*Task requirements*. Beneath this line sits some data. Return only its lines from the one holding "Контролер RGB 5" through the one holding "天津远东泵业营销型网站建设案例", inclusive, exactly, with the images removed.

*Extracted records*.
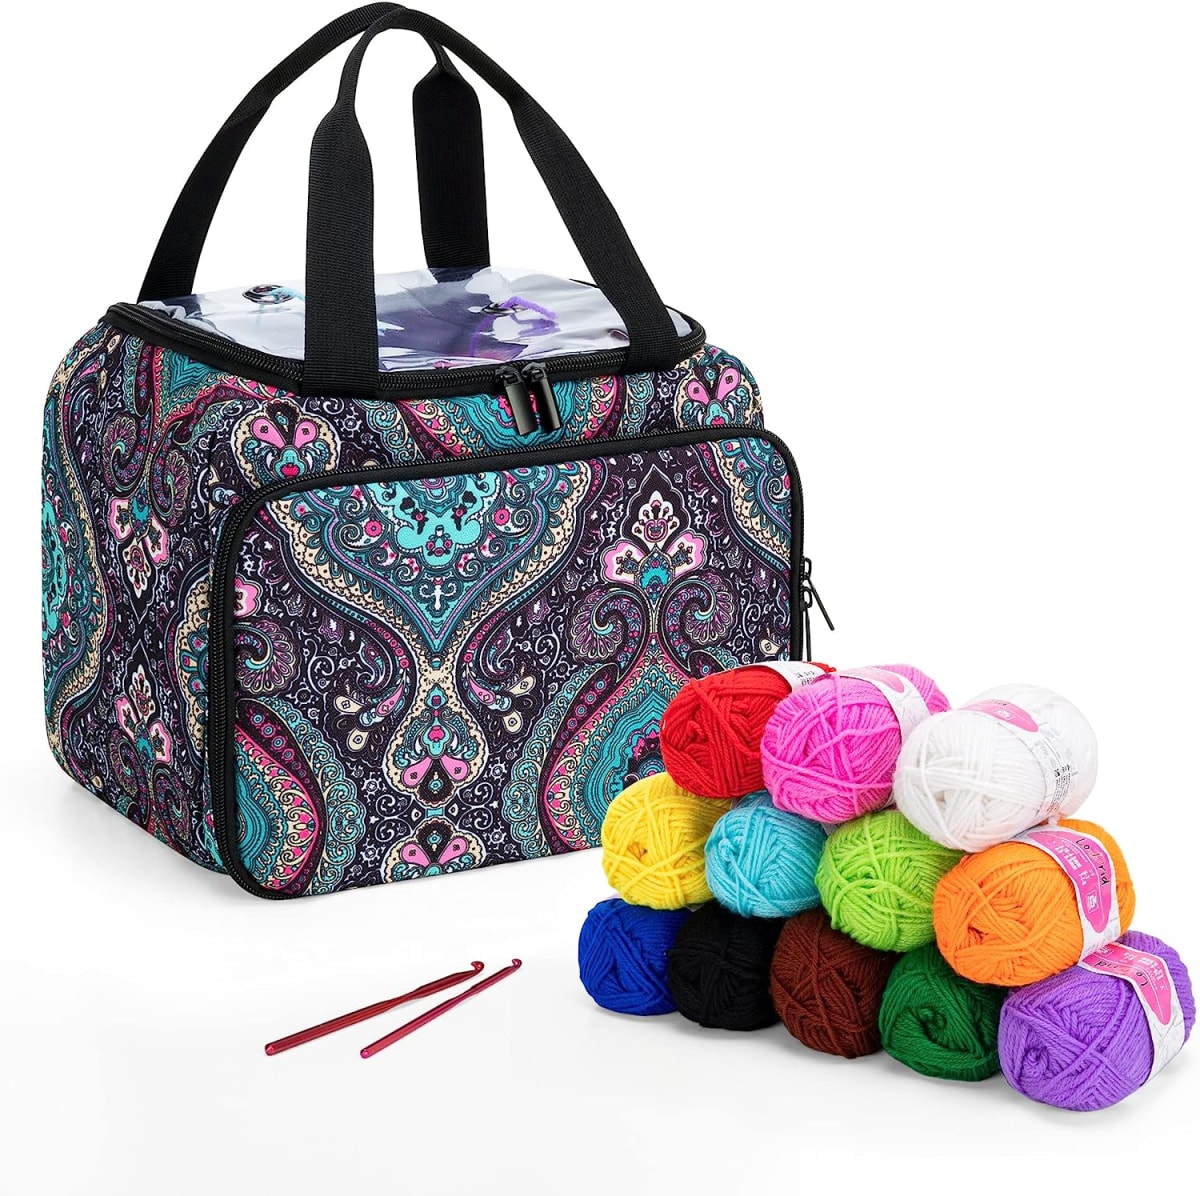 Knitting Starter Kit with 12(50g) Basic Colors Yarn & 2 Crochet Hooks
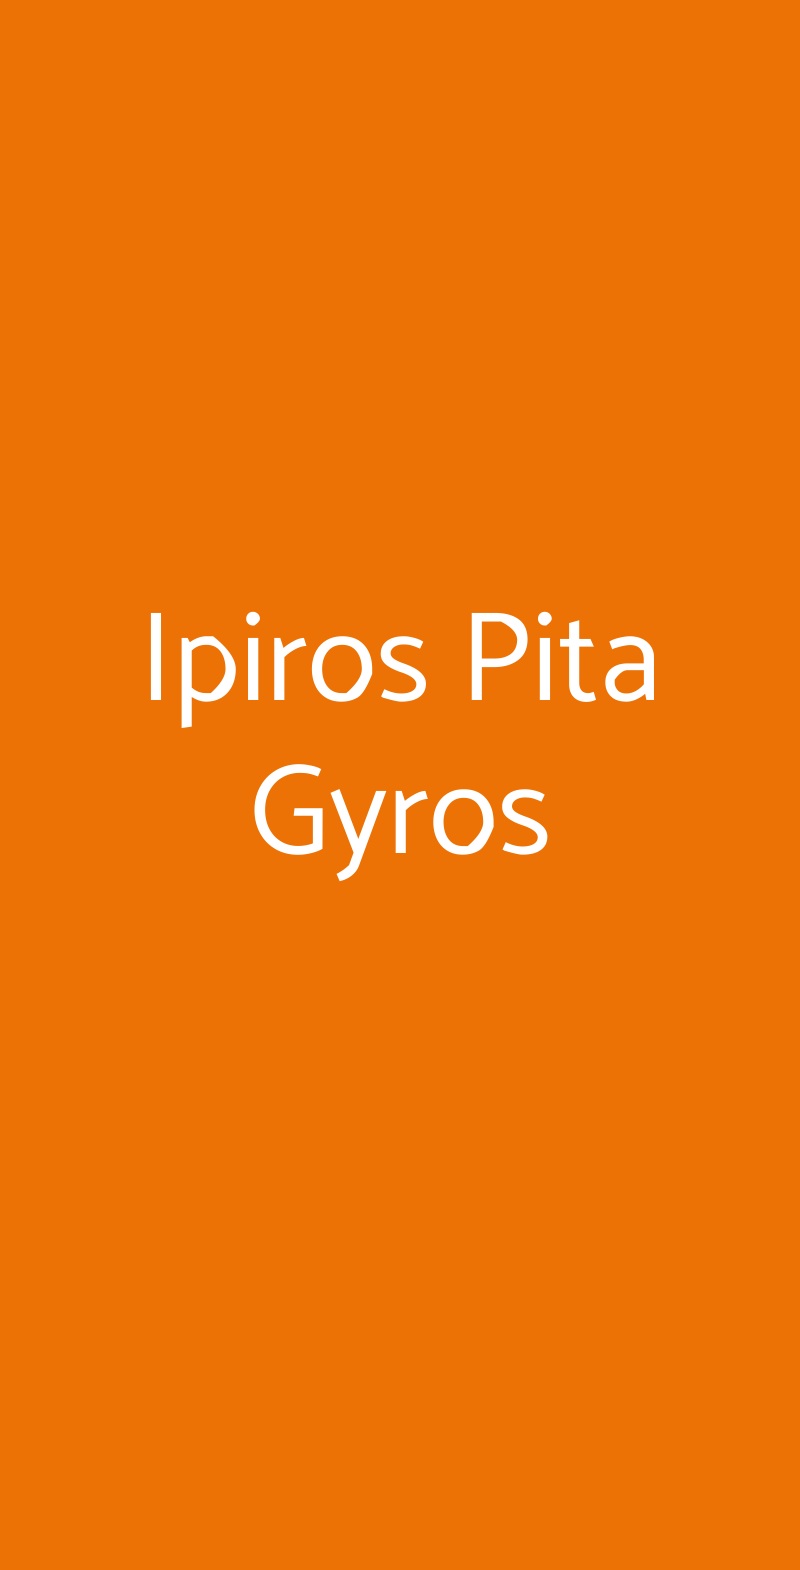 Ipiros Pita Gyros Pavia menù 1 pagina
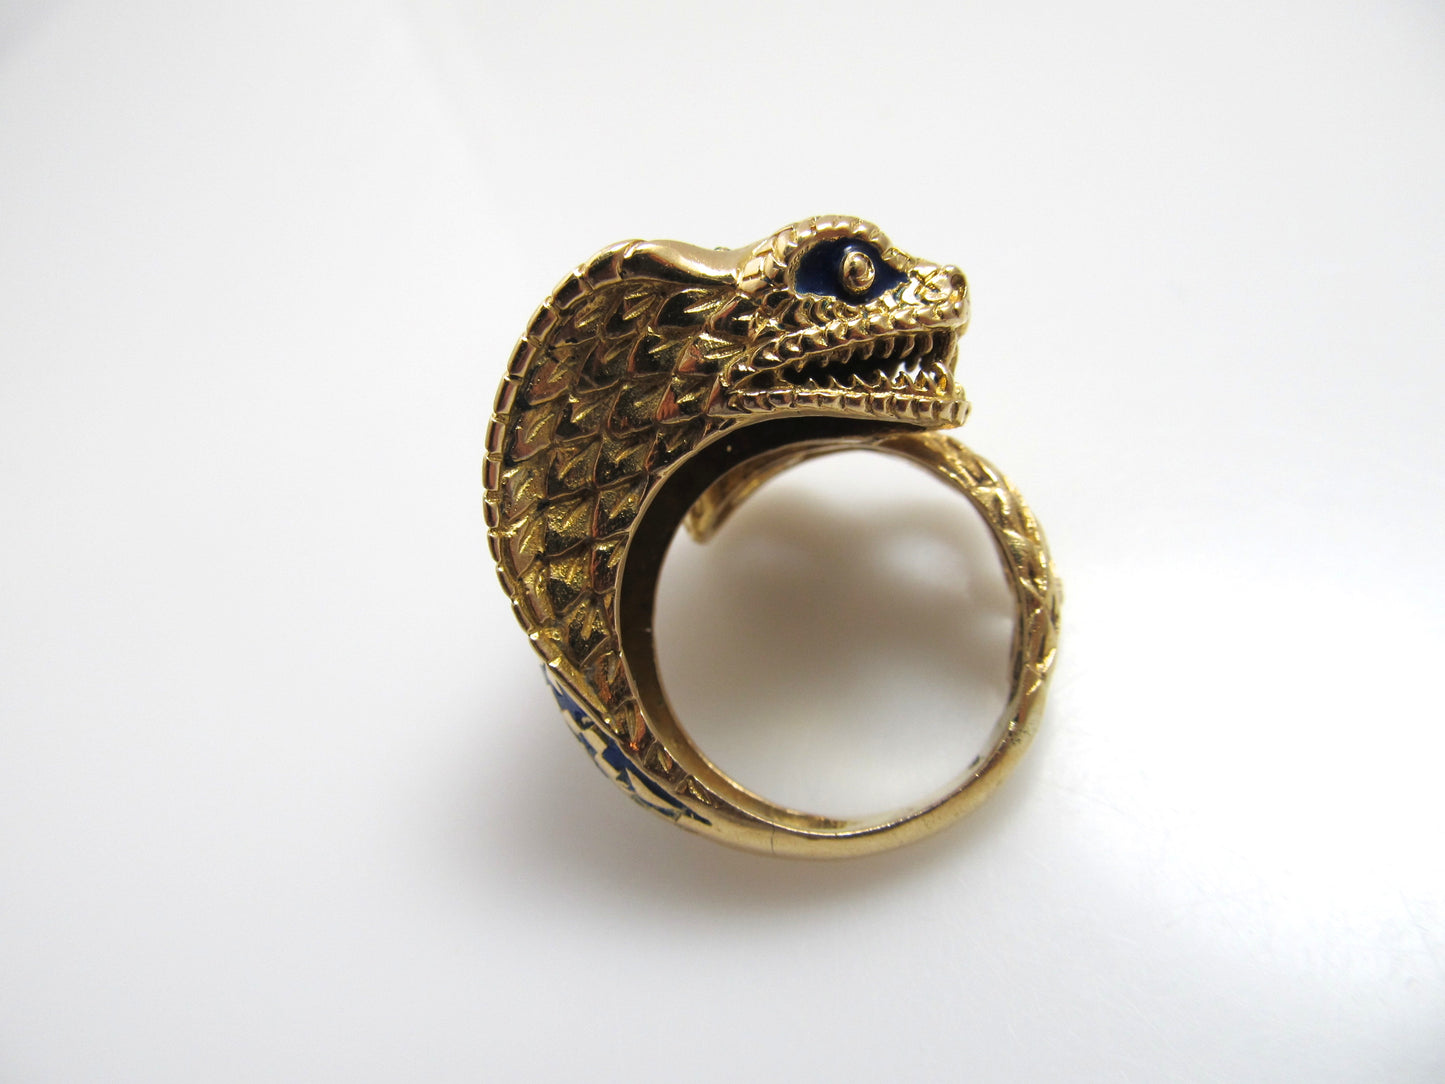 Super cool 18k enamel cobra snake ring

...

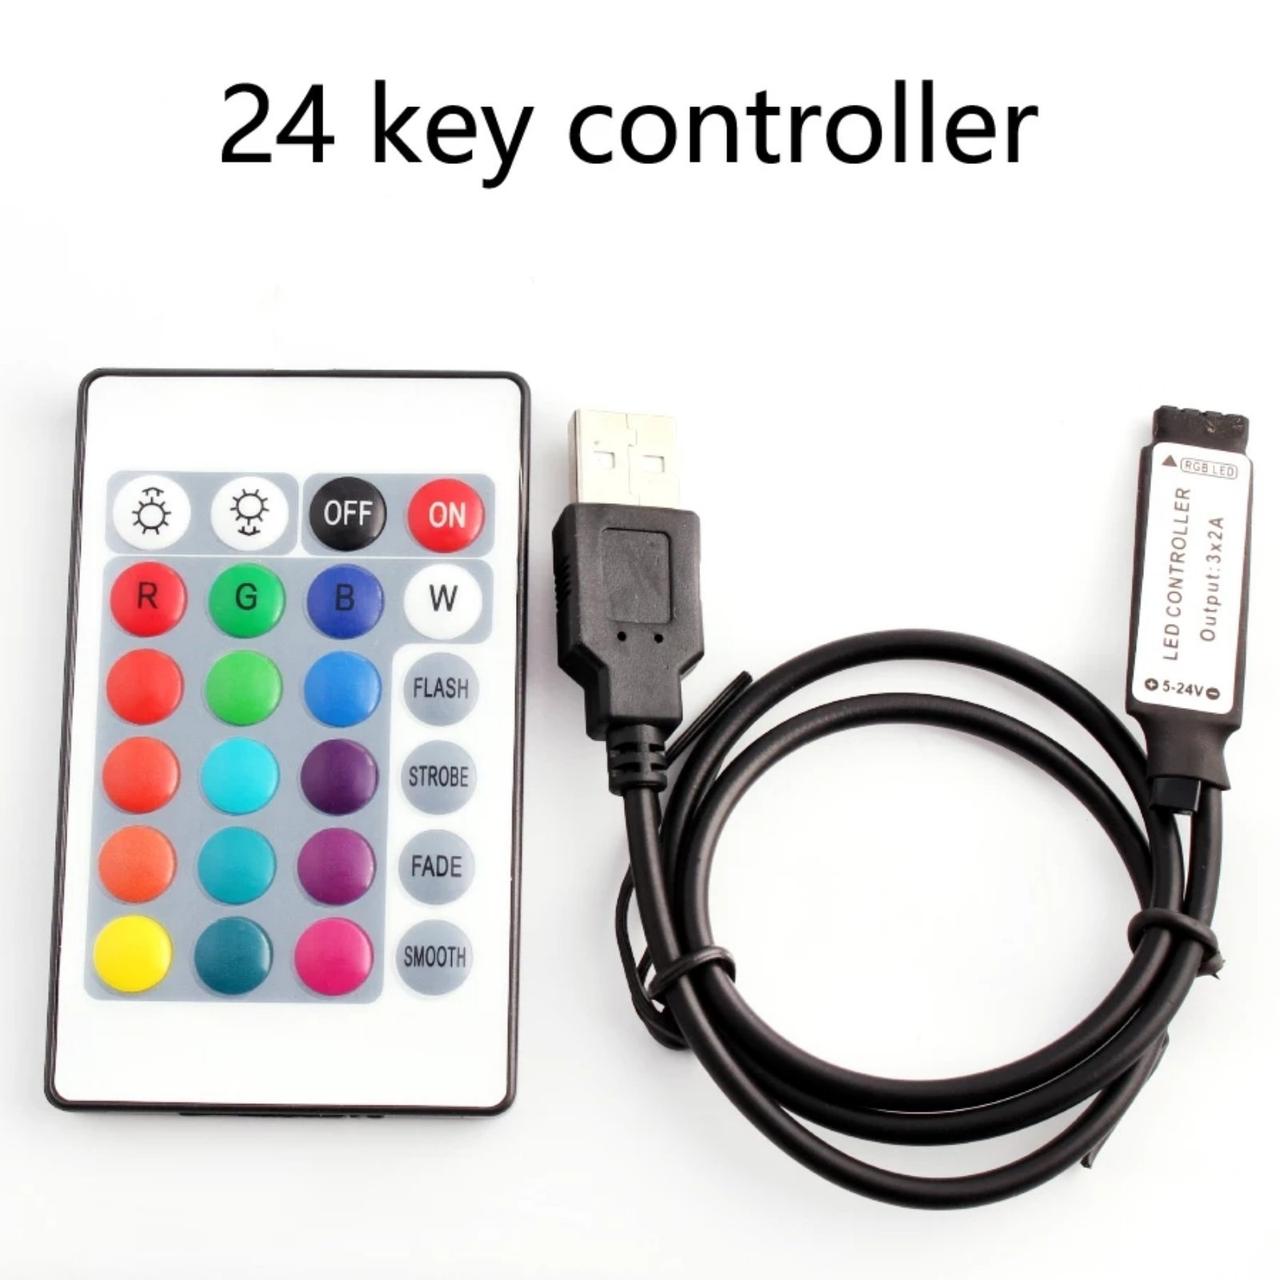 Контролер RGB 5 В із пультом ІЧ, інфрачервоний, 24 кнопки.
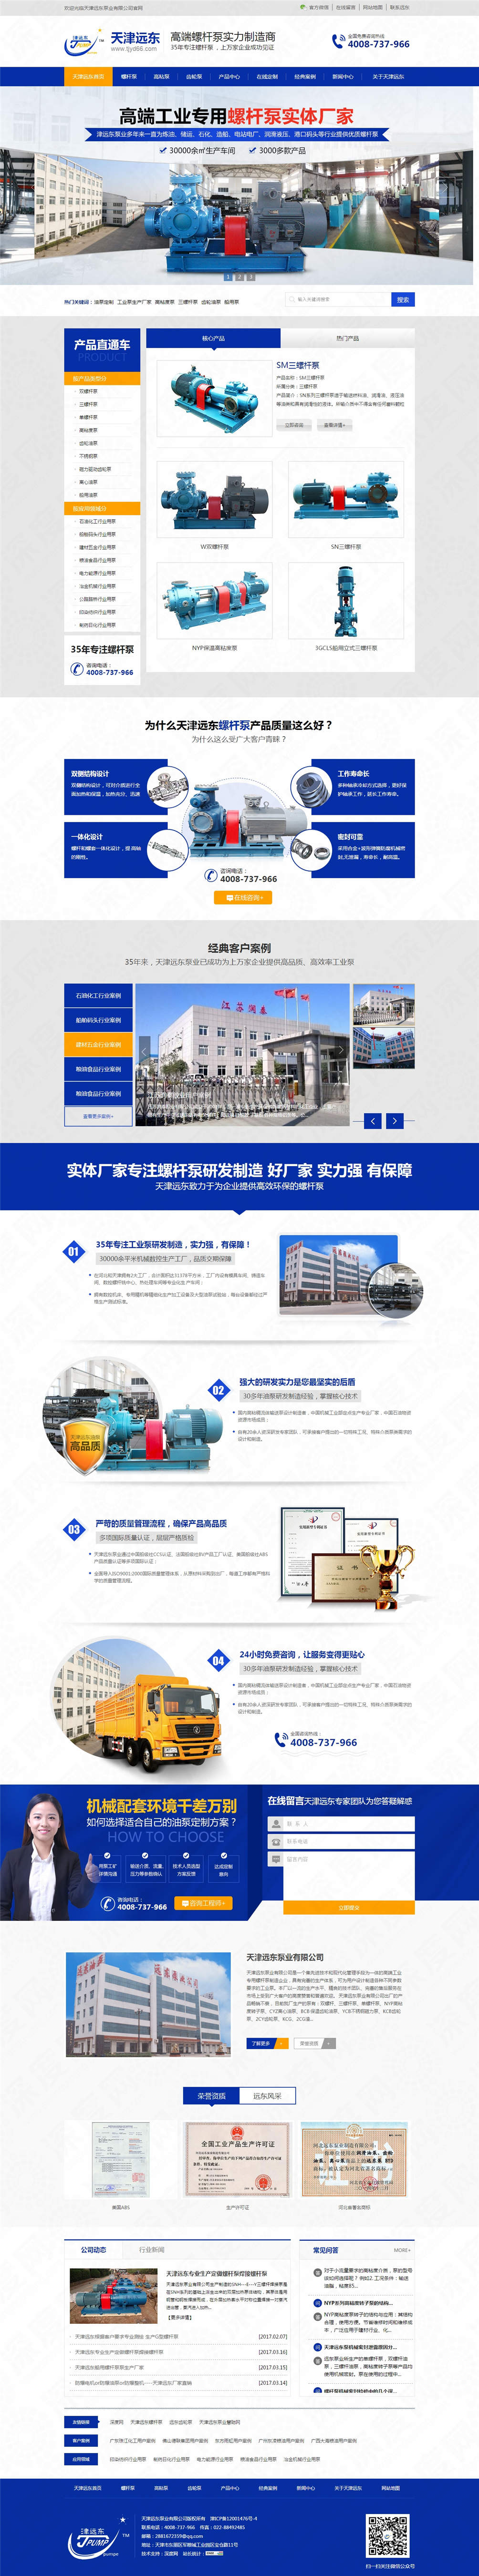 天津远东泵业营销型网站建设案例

*Reply to the task*.
 Контролер RGB 5 В із пультом ІЧ, інфрачервоний, 24 кнопки.
 天津远东泵业营销型网站建设案例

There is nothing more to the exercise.